Evolutionary psychologists have theorized that a sense of humor is a sign of intellect and strong genes and that women, the more selective sex due to the burdens associated with pregnancy, are attracted to funny men because of the genetic benefit that could be bestowed upon potential offspring (Humor’s Hidden Power)

There are many funny female comedians today – Wanda Sykes is absolutely hilarious, and Lily Tomlin was a comic genius.

I have met women with a knee-buckling comic storytelling instinct.
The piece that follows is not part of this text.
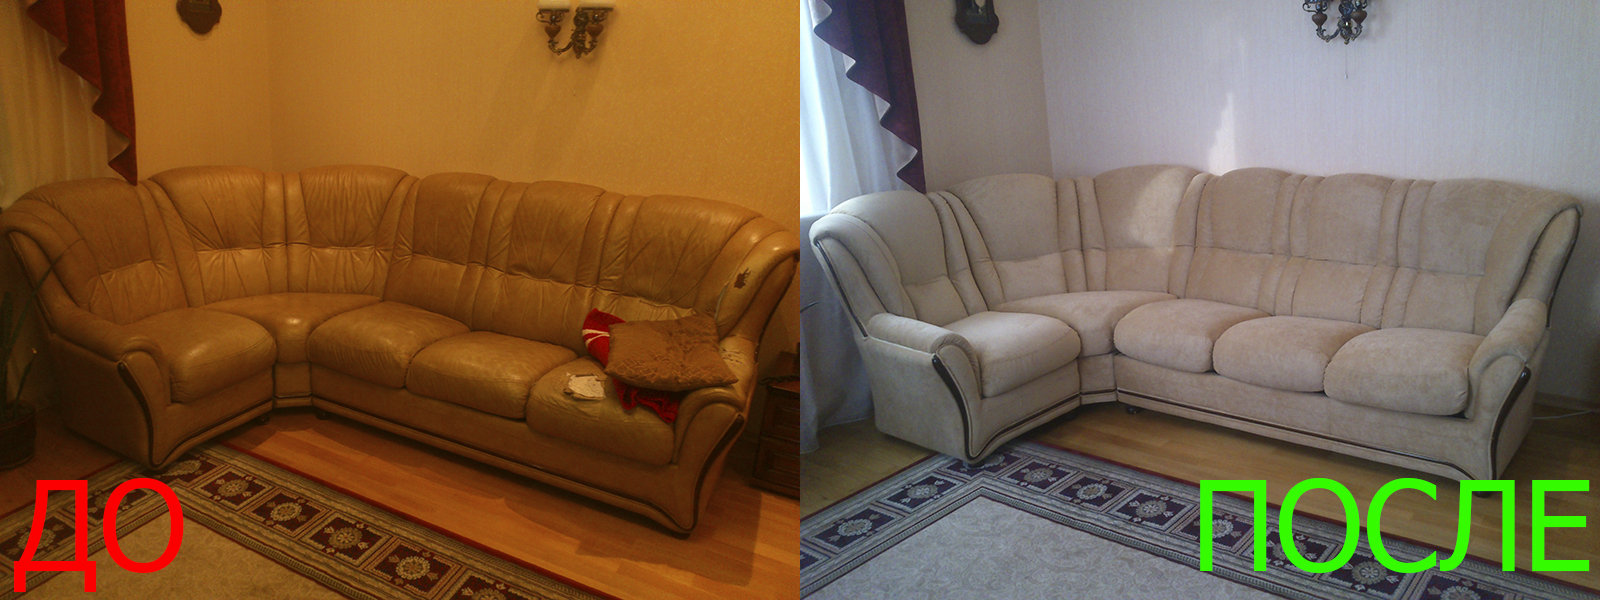 Перетяжка углового дивана в Краснодаре разумные цены на услуги, опытные специалисты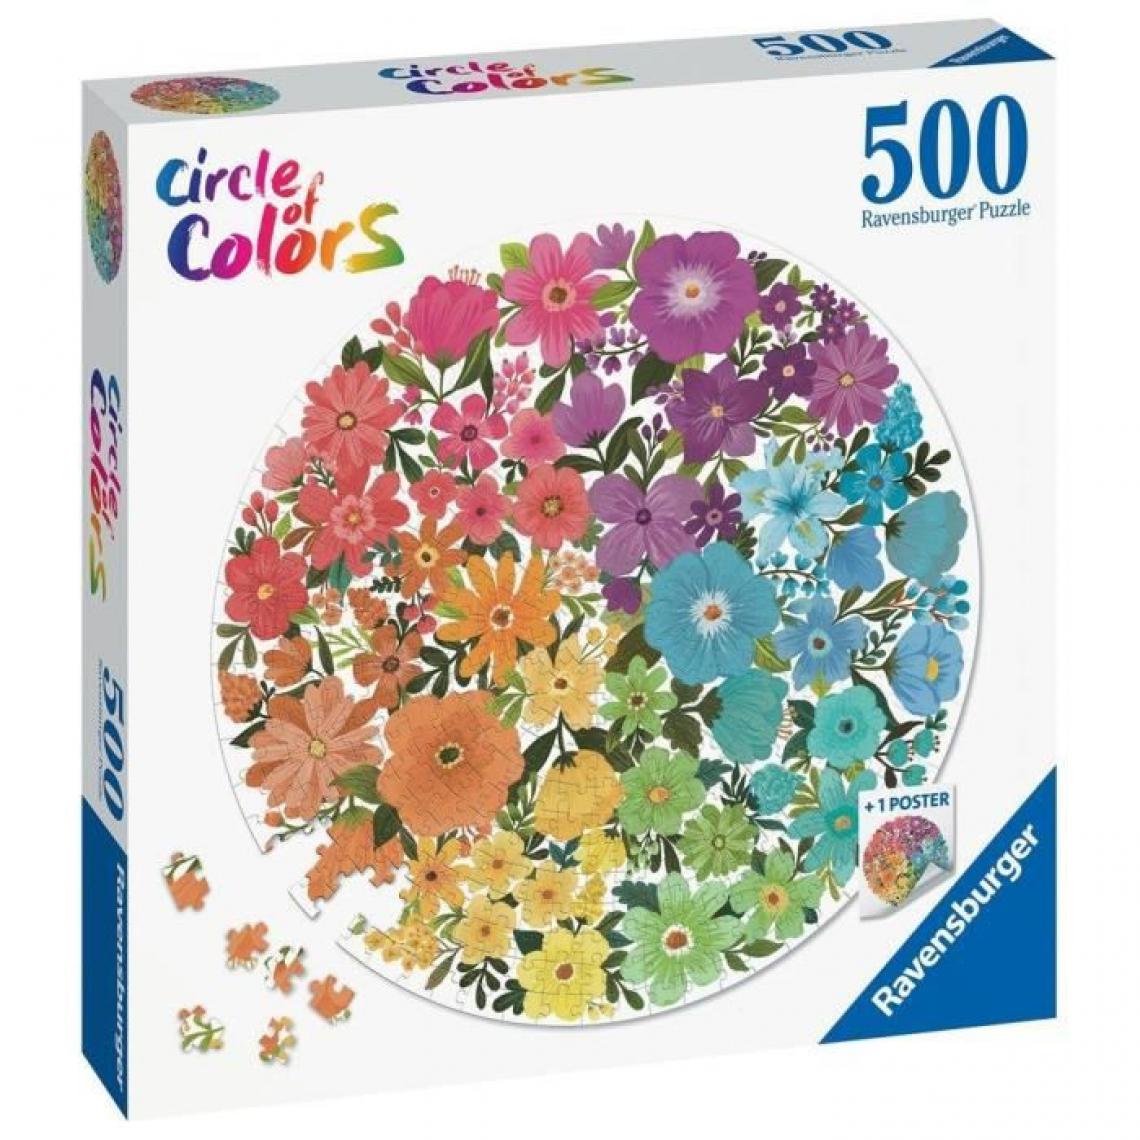 Ravensburger - Ravensburger - Puzzle rond 500 pieces - Fleurs (Circle of Colors) - Animaux

Houleymata was a close Malian friend who had been a medical student in Russia in the early 80s, and her stories of being the first black person that anyone in her remote Siberian medical school had ever seen were the funniest I have ever heard.  Without hesitation she elided vignette after vignette, paused with comic timing, made the ridiculous funny, pilloried the Russians while not demeaning them, and went on and on until we could take no more.  She was a natural, a genius; and whether or not this said anything about the African storytelling tradition, the more dominant role of certain socially superior African women; or whether Houley was simply funny down to her bones, I will never know, but I will never forget her.

The point is that women of course can be funny, but that historically they have tended not to be; and although Bridget Christie dismisses the likes of Hitchens and Mack out of hand, they had a point.